Section 1983 provides, in relevant part,

Every person who, under color of any statute, ordinance, regulation, custom, or usage, of any State or Territory or the District of Columbia, subjects, or causes to be subjected, any citizen of the United States or other person within the jurisdiction thereof to the deprivation of any rights, privileges, or immunities secured by the Constitution and laws, shall be liable to the party injured in an action at law, suit in equity, or other proper proceeding for redress . . .
42 U.S.C. § 1983.

The Eleventh Amendment provides,

The Judicial power of the United States shall not be construed to extend to any suit in law or equity, commenced or prosecuted against one of the United States by Citizens of another State, or by Citizens or Subjects of any Foreign State.
U.S. CONST. AMEND. XI.

A suit against a state official in his or her official capacity which seeks money damages is not considered to be against the official personally, but instead is brought against the "real party in interest" --- the entity. Id.; see also Monell v. New York City Dept. of Social Services, 436 U.S. 658, 690 n.55 (1978) (official capacity suits "generally represent only another way of pleading an action against an entity of which an officer is an agent"). Accordingly, because official capacity suits for damages are actually suits against the entity the immunity provided under the Eleventh Amendment also extends to State officials who are sued in their official capacities. Kentucky v. Graham, 473 U.S. 159, 169 (1985) ("This bar [to suit] remains in effect when State officials are sued for damages in their official capacity.").

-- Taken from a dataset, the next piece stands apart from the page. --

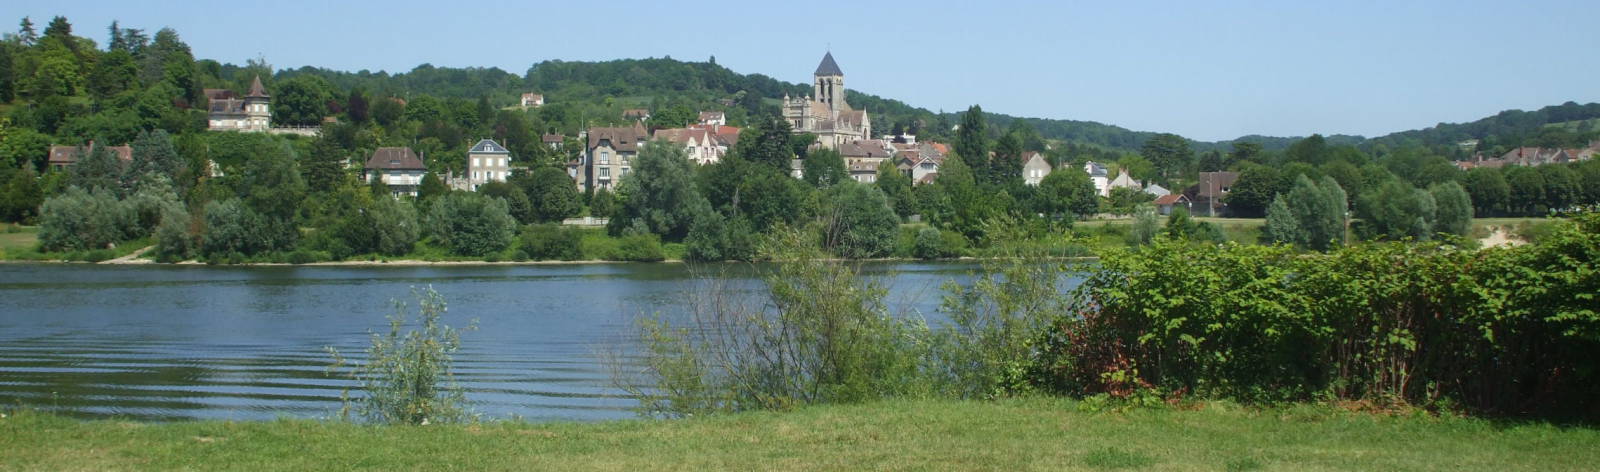 Vétheuil, home of Claude Monet, overlooking the Seine River in France.
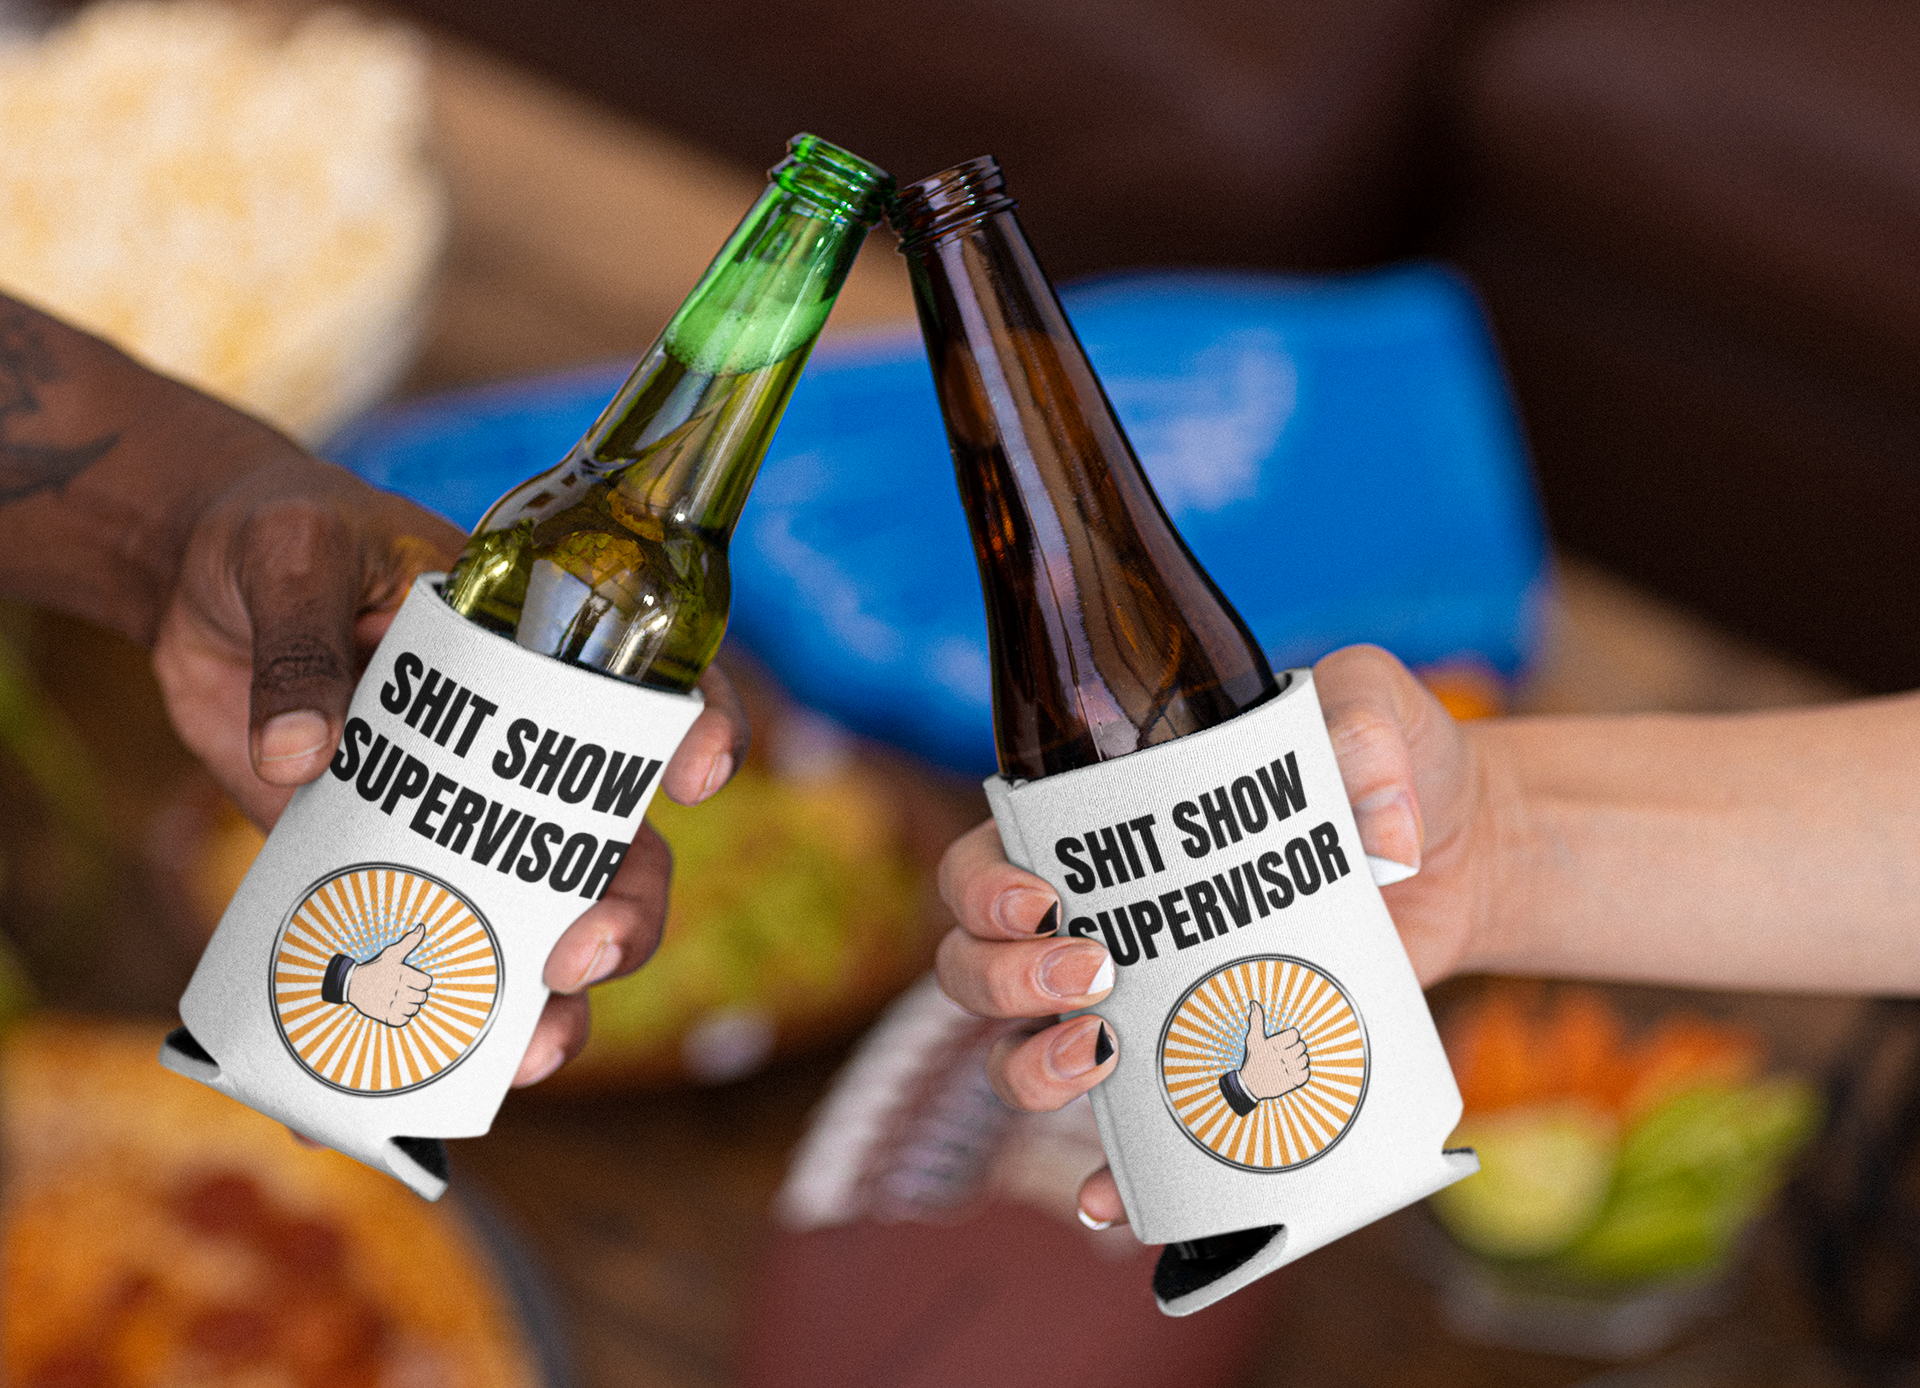 Shit show supervisor Can / bottle Coozie bottle cooler can cooler Christmas gift dads day gift gift for dad gift for grandpa gift for her gift for him gift for mom gift for sister gift for wife Koozie moms gift Unique gift

The same is not true though for official capacity suits seeking prospective relief. When the entity itself is a "moving force" behind the deprivation of civil liberties, "implementation of state policy or custom may be reached in federal court only [in] official-capacity actions for prospective relief" because these suits "are not treated as actions against the State." Kentucky v. Graham, 473 U.S. 159, 169 n.14 (1985) (citing Ex parte Young, 209 U.S. 123, 153 (1908). The judicial doctrine of Ex Parte Young allows suits against states in federal court to proceed against state officials acting in their official capacities only where a plaintiff is seeking prospective injunctive relief. See Ex Parte Young, 209 U.S. 123 (1908). The exception created by Ex Parte Young has been interpreted to allow suits against state officials for prospective and declaratory relief in order to end continuing violations of federal law. Balgowan v. State of New Jersey, 115 F.3d 214, 217 (3d Cir. 1997); see also Doe v. Division of Youth and Family Services, 148 F. Supp. 2d 462, 483 (D.N.J. 2001). Based on the asserted claims in Plaintiff's complaint, it is clear that the Ex Parte Young doctrine is not implicated because Plaintiff only seeks monetary damages, and not prospective injunctive relief. (See Am. Compl. 17.) Therefore, the Defendants' immunity under the Eleventh Amendment remains unaffected. Kentucky, 473 U.S. at 167.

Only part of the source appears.